1. Prayer is a highly personal encounter with God. I would rather keep silent than have a prayer written by some bureaucrat who had to meet a deadline, and who had to write some ambiguous piece of crap that alludes to God and is so ethereal it doesn't make any sense.

Prayer can be a highly personal encounter with God. But it shouldn't be defined as such... There are many kinds of prayer, from a sort of silent meditation to a recited peice of poetry or scripture. Prayer is dialogue with God. I know some people who insist that they live their life as a prayer, waking up in the morning with a "Dear Lord," and going to bed each night with an "Amen." It isn't right to administer rules of prayer to other people just because it is your preference.

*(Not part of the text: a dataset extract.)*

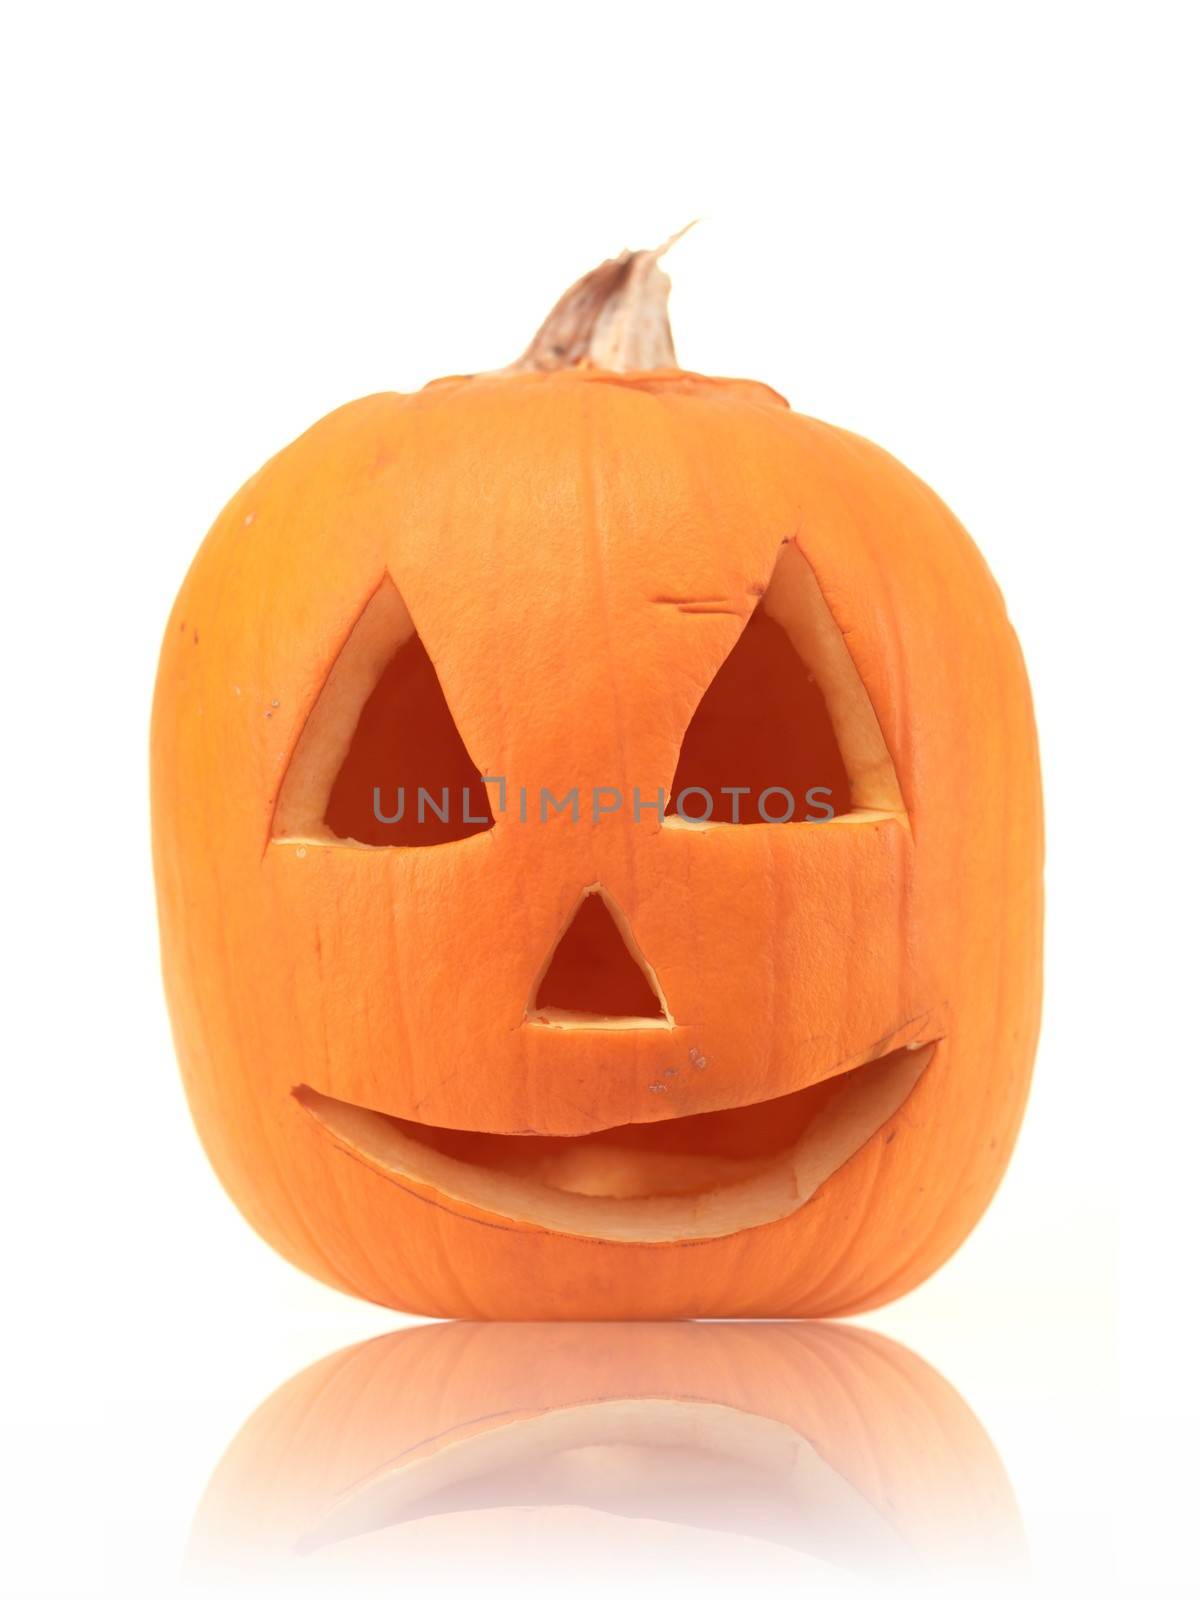 A close up shot of a halloween pumpkin

I see what you mean when you deny this petition. And though it may not be the right thing at this time, the people who have initiated the e-mail most likely had good intentions. The seperation of Church and State was intended to keep an oppressive church out of the ruling government, to keep the choice of leadership in the arms of the people not one of devine providence. It wasn't intended to eliminate God from the people, just religion from the government. I agree, this petition won't solve any problems (it will most likely cause more than it will solve), but its purpose and reason is whole hearted. Maybe instead of just deleting the message you could make a suggestion to the author's of the email. Maybe instead of making prayer mandatory, perhaps if they begin a petition to allow an outlet for prayer, such as an elective religion class, or a "non-religious" or "pan-religious" prayer club (rather than focusing on one form of prayer to one God). Does that make sense?

dsdrane
01-30-2007, 09:06 AM
I completely agree that there should be no organized prayer in public schools. Further, I don't agree with those who say the separation of church and state and the "freedom of religion" is not a "freedom from religion". It absolutely is "freedom from religion", if one so chooses. To my knowledge, there is not one thing in the Constitution that separates out aetheists or other non-believers as second-class citizens not worthy of full rights and protection under the law.

Moreover, we have parochial schools.

That said, I feel that there would be nothing wrong with time set aside for a moment of silence -- for prayer, for quiet meditation, or for just an excuse to put your head down. Students could do as they liked as long as it didn't infringe upon their fellow students quietude.

Remember nap time in Kindergarten? I'm not suggesting we get mats and curl up on the floor, but how nice would a 5-10 minute break be...if only for the teacher!

David :agree:

fm1119
02-07-2007, 02:31 PM
I really have to agree with you on this. Prayer in school always sounds like a good idea, until you are being made to pray to a god you don't believe in.

I have never really understood the fuss, since I prayed in school a lot, and nobody ever knew about it. Im guessing that, especially before pop quizes, I wasn't the only one...

ladyinred
02-07-2007, 11:17 PM
pnggrad, some very outstanding points made, we must remember that though a majority here consider themselves Christian, we are not a Christian nation. While there is freedom of religion, we must respect the rights of others with differing religions or even those who don't consider themselves religious. We are still a nation founded on diversity.And you are right, no one has the right to push any religion or their beliefs down our throats.